Software is Crap

Mysql, and C99 aliasing rules. A detective story.


When running mythfrontend after upgrading Mysql (to 5.1.40) I got:

Driver error was [2/1210]:
QMYSQL3: Unable to execute statement
Database error was:
Incorrect arguments to mysql_stmt_execute

After a bit of Google-ing I found a Myth bug ticket which seems to refer to the same (or a very similar) problem. The problem is apparently due to a Mysql bug and has something to do with an invalid cast and gcc optimizations, which makes it easy enough to work around – except of course that the bug was apparently fixed many versions ago.

However, conveniently, changing my configure options for Mysql (from -O3 to -O1 in my CFLAGS and CXXFLAGS) does make the problem go away. I suspected alias analysis to be the problematic optimization, so I checked whether “-O3 -fno-strict-aliasing” was enough – and it was. I resolved to track down the bug.

I started by compiling Mysql twice, in two different trees – one with my regular options and one with -fno-strict-aliasing. Then, I copied object files from the first tree to the second and repeated “make install” until the problem appeared (actually, I had to copy the .o file, as well as the stupidly hidden .libs/*.o file that libtool creates, and then touch the *.lo file; the build system is broken enough that just changing an .o file won’t cause the library to rebuilt). Fortunately I found the right file first try: it was libmysql.o (or rather, libmysql.c).

Unfortunately, libmysql.c is over  5000 lines long, and I didn’t know which function was causing the problem, so I had no idea where to look in the code. I proceeded by compiling the file both with and without “-fno-strict-aliasing” and with the “-save-temps” option so I could grab the generated assembly (i.e. libmysql.s) for each case. Then I did a manual binary search by hand-editing functions from one file into the other, assembling it and re-building the library until I was able to find which function had the problem. It turned out to be “cli_stmt_execute”. At that point I decided to look through the generated assembly and see whether I could spot where it didn’t seem to match up with what was expected.  First, though, I got the size of the function down by marking various other static function that it was calling with __attribute__((noinline)), each time re-testing to make sure that the problem still occurred.

Anyway, enough with the suspense. Here is the problematic line of code (2553 in libmysql.c):

    for (param= stmt->params; param < param_end; param++)
        store_param_type((char**) &net->write_pos, param);

The problem of course is the cast “(char **)” which casts to an incompatible type, thus the value net->write_pos is accessed as a “char *” when it is declared as a “uchar *” (“uchar” is a typedef for “unsigned char”). Now “char” and “unsigned char” are compatible types, but “char *” and “unsigned char *” are not.
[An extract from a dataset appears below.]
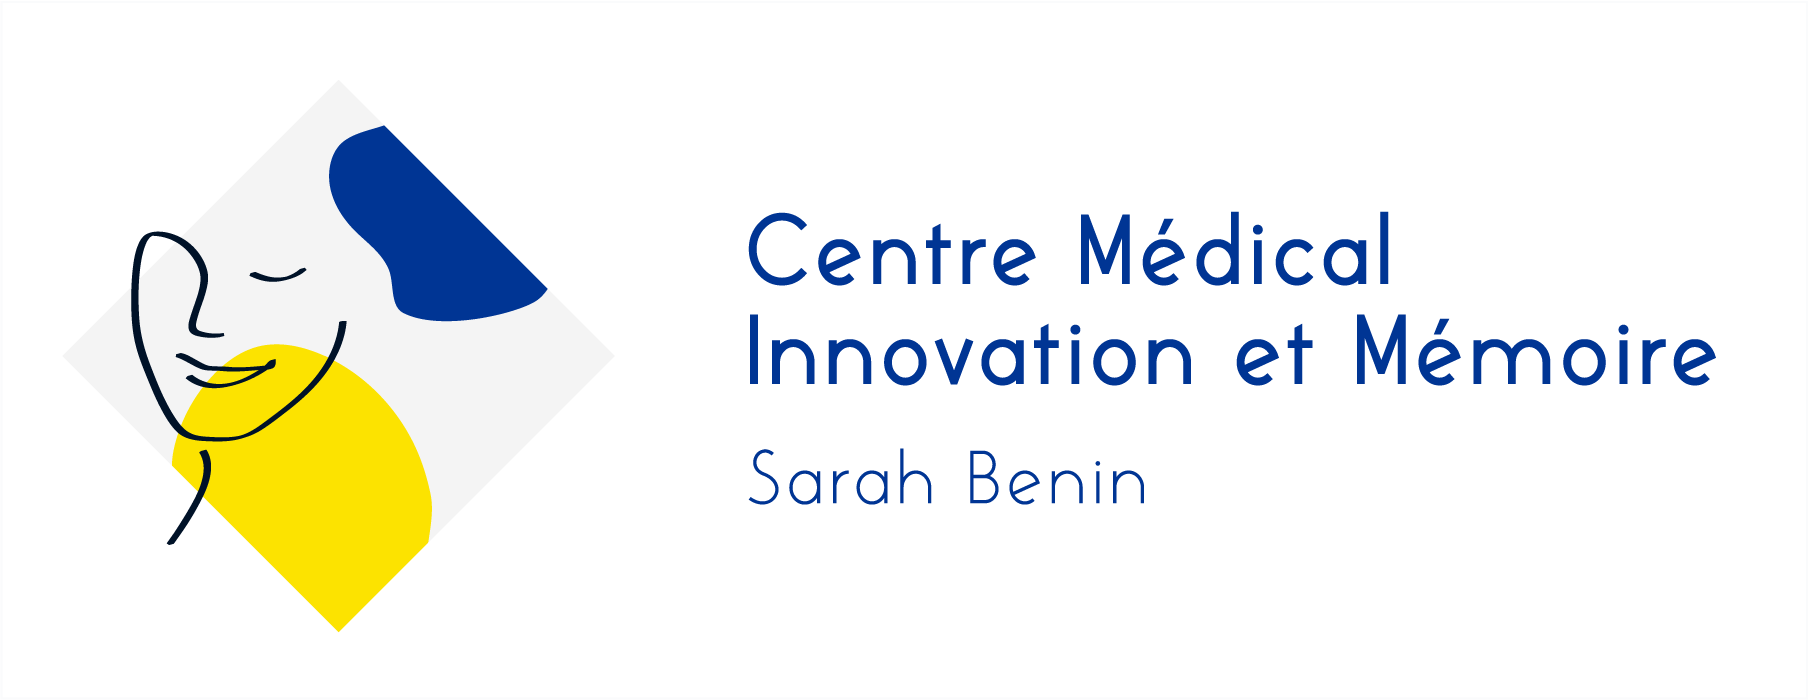 Centre Médical Innovation et Mémoire - Sarah Benin

That means, if you access some value via a “char *” reference then you must always do so and never through any incompatible reference including “unsigned char *”. Doing so breaks the strict aliasing rules.

In this case, store_param_type is actually meant to modify net->writepos:

    static void store_param_type(char **pos, MYSQL_BIND *param)
        uint typecode= param->buffer_type | (param->is_unsigned ? 32768 : 0);
        int2store(*pos, typecode);
        *pos+= 2;

But, as gcc inlines the call, it effectively sees the “*pos+=2” as updating a location that must be different to the source location (net->write_pos) seeing as the types are incompatible, in other words, it effectively sees “*pos = *otherpos + 2” (where otherpos is an “unsigned char **”). Then, it sees that *otherpos must be constant for the duration of the loop, seeing as a value of a compatible type is not written. This means it can defer the statement and collapse its multiple instances (one per iteration of the loop) to a single instance. The result? kaboom.

The solution? Change the type of the “pos” parameter for store_param_type() from “char **” to “unsigned char **” (and remove the cast from the call in cli_stmt_execute()). The function isn’t used anywhere else so this makes sense even if it wasn’t causing a bug.

And the lesson to be learnt from this: be very careful with pointer casts. Avoid them whenever possible. And learn, I mean really learn the aliasing rules. There are way too many pieces of software out there written by people who do not understand them and the result is a buggy software.

Mysql bug filed.